- YOUR OBJECTIVE: The data must be given again exactly as written, with all images omitted.

[[ SUPPLIED INFORMATION, beginning ]]

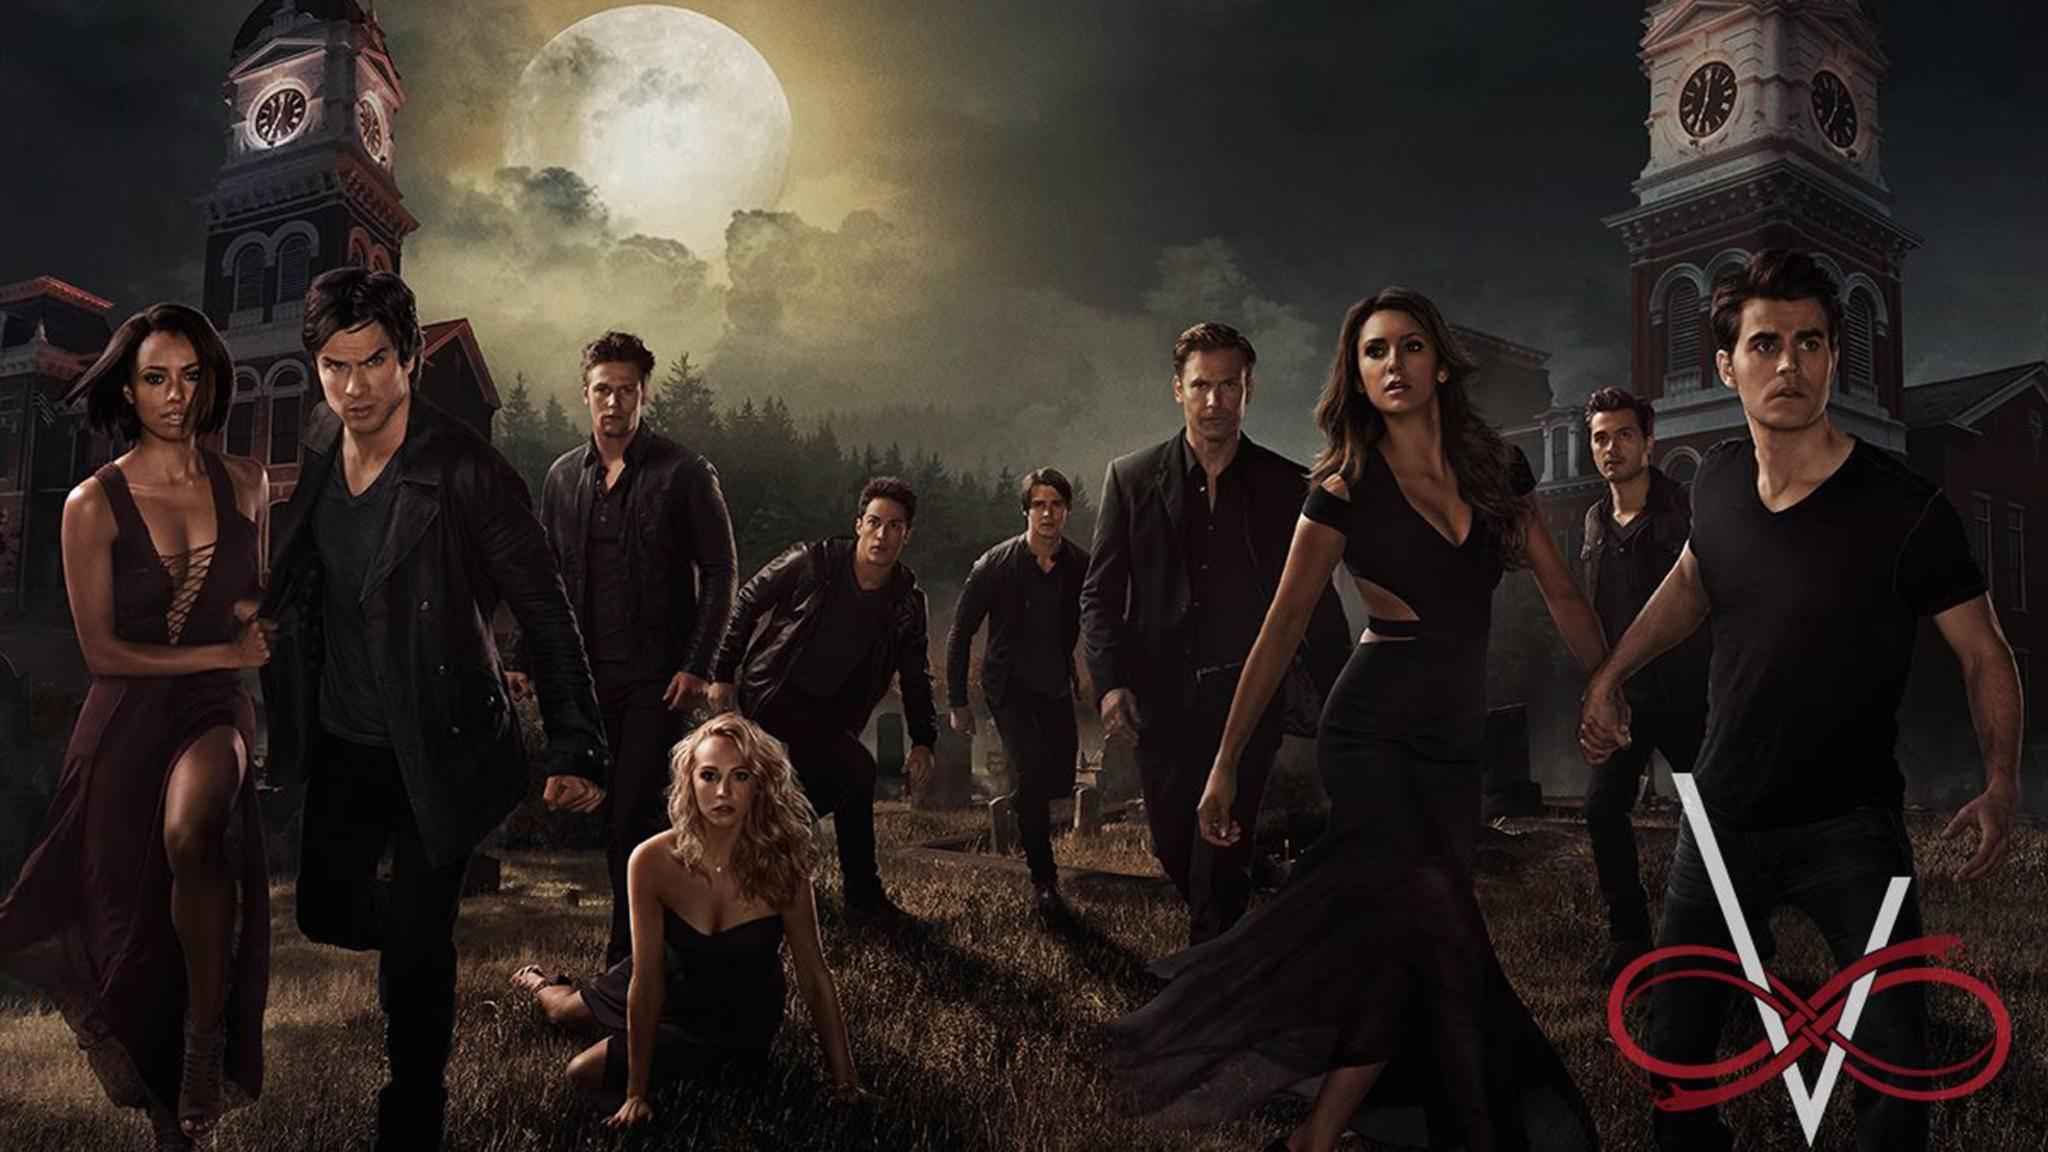 Vampire Diaries Cast Staffel 6
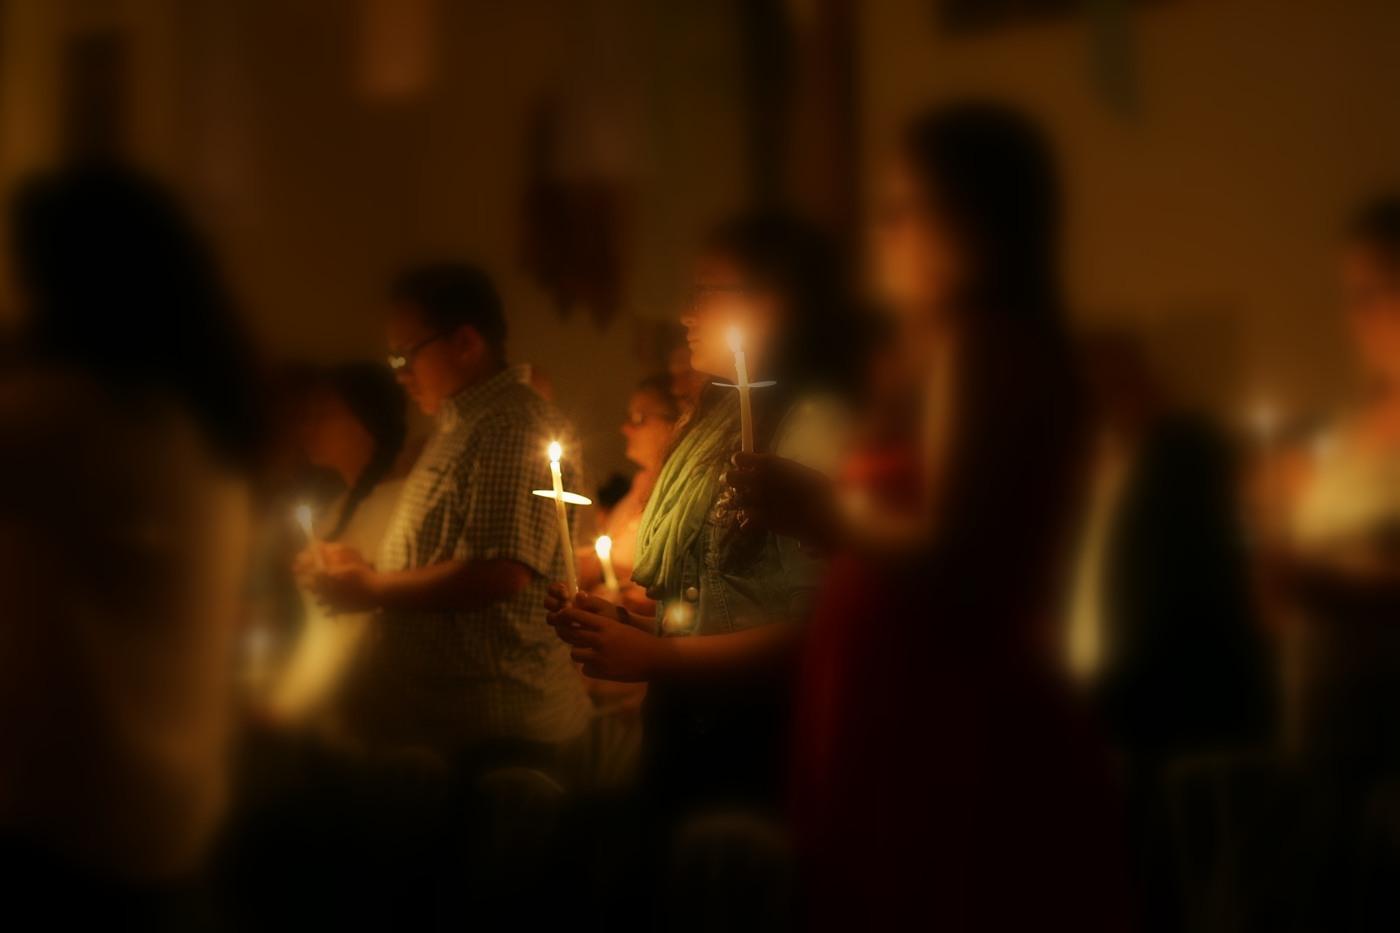 Silence. Hope. Holy Saturday.
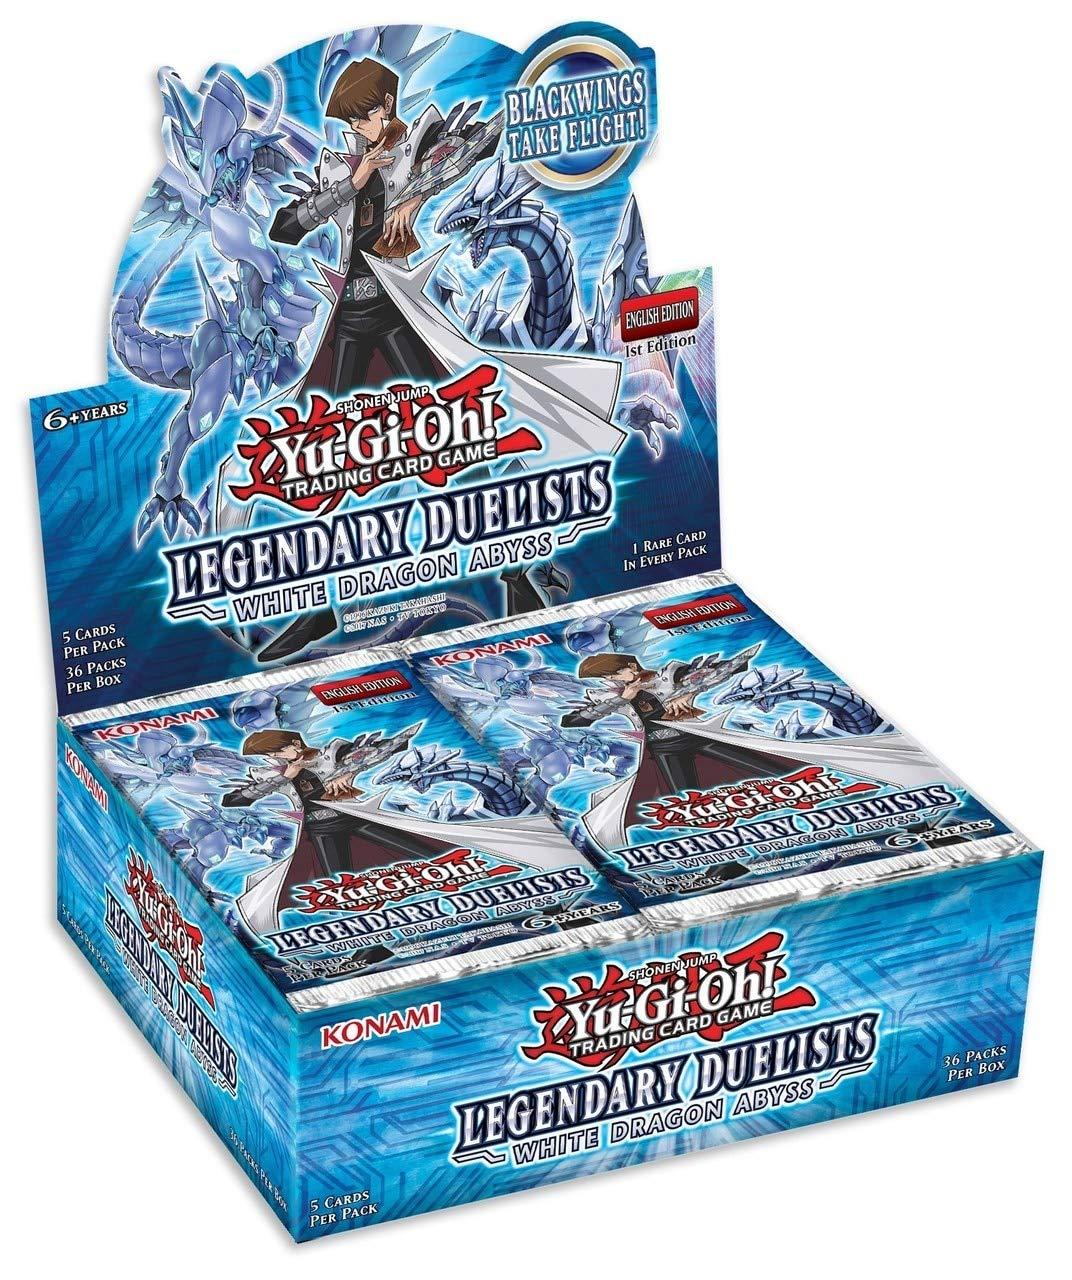 YU-GI-OH! Legendary Duelists: White Dragon Abyss Booster Box Konami

[[ SUPPLIED INFORMATION, end ]]

- EXPECTED ANSWER:
 Vampire Diaries Cast Staffel 6
 Silence. Hope. Holy Saturday.
 YU-GI-OH! Legendary Duelists: White Dragon Abyss Booster Box Konami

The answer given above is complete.